To make matters worse, algorithms are built for efficiency — which sounds good in principle but can be problematic in practice. “When you remove one shortcut, the model just moves to another [because] most datasets appear to have more than one shortcut,” Gichoya said. 

Shortcuts and the Giraffe Problem

Radiology researcher Karen Drukker, who works with Giger at the University of Chicago to develop medical AI tools, noted in her own AAAS talk that present-day medical images are not designed for taking measurements. Rather, they offer qualitative data that human practitioners can interpret after years of training via medical school or other intensive practices. For instance, because a human can sufficiently learn to identify a healthy hand from a single image, medical education focuses on teaching students to identify diseased hands. However, this means that computer training data is overwhelmingly dominated by pictures of hands with various conditions, which makes it more difficult for AI models to learn the markers of a healthy hand. “If it involves radiation, you can’t just scan healthy hands,” Drukker said. “For rare diseases, [lack of data] is even more of a problem.”

Drukker pointed out that more data is available than is being utilized, as hospitals and other institutions do not regularly share data with each other — leaving researchers with training materials that have a heavy statistical bias. Additionally, researchers who build medical AI models generally adapt them from systems that analyze images on the web: stock photos, wildlife pictures, and so forth (among other more serious issues, this practice has led to a preponderance of giraffes in AI-generated “art” [1]).
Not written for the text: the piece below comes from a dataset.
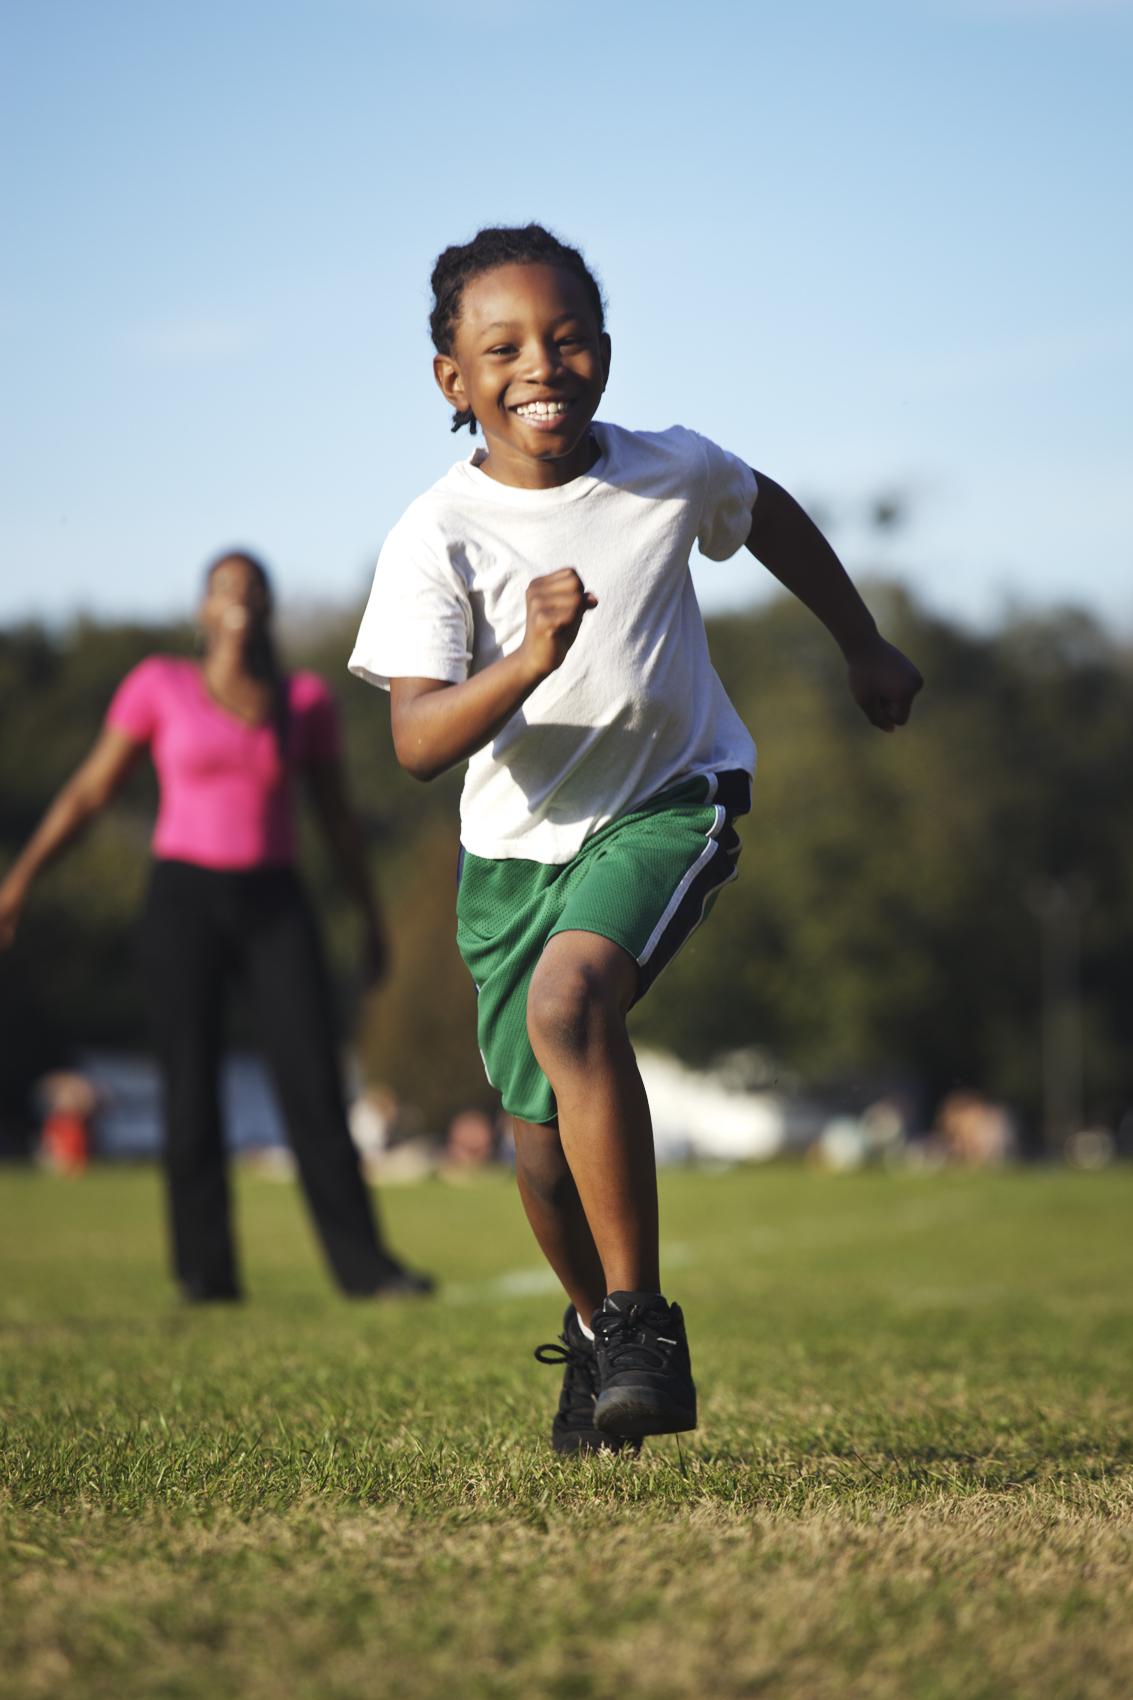 Boy Running and Having Fun

“Data augmentation techniques [are] where you pretend you have more data than you actually have to try to overcome these limitations,” Drukker said. “There are a lot of applications that seem promising, but they have to live up to the high standards in healthcare. Groups are looking into generating synthetic data, but of course those can also introduce their own bias. If you have biased synthetic data, then your algorithm is going to learn things from that biased data.”

This sort of statistical bias is worrisome enough, but—as Gichoya noted—researchers in the U.S. are currently facing repercussions under the Trump administration for studying human biases around gender, race, national origin, sexuality, and so on. The cancelation of grants from the National Institutes of Health and other vital sources has imposed further setbacks [2].

“Black women continue to die even when there are better treatments for the diseases that they die from,” Gichoya said, citing her own work in health equity as a healthcare practitioner. “We understand that some [drivers] are systemic racism and unconscious bias, but if we use models that are able to pick up patterns instead of blaming them, we can improve outcomes for everyone. We’re never going to avoid the messiness of real-world data, but as long as we have a human in the loop, the radiologist or doctor could say, ‘I need to be more careful when I’m relying on model predictions.’”


1 This is technically machine learning rather than true “artificial intelligence,” but standard practice equates these two terms, so I defer to the more common language.

References
[1] Francis, M.R. (2020, January 27). The threat of AI comes from inside the house. SIAM News, 53(1), p. 8. 
[2] Lazar, K., & Kowalczyk, L. (2025, March 7). NIH abruptly terminates millions in research grants, defying court orders. STAT News. Retrieved from https://www.statnews.com/2025/03/07/nih-terminates-dei-transgender-related-research-grants.
[3] Wagner, S.K., Fu, D.J., Faes, L., Liu, X., Huemer, J., Khalid, H., … Keane, P.A. (2020). Insights into systemic disease through retinal imaging-based oculomics. Transl. Vis. Sci. Technol., 9(2), 6. 
[4] Zhou, Y., Chia, M.A., Wagner, S.K., Ayhan, M.S., Williamson, D.J., Struyven, R.R., … Keane, P.A. (2023). A foundation model for generalizable disease detection from retinal images. Nature, 622, 156-163.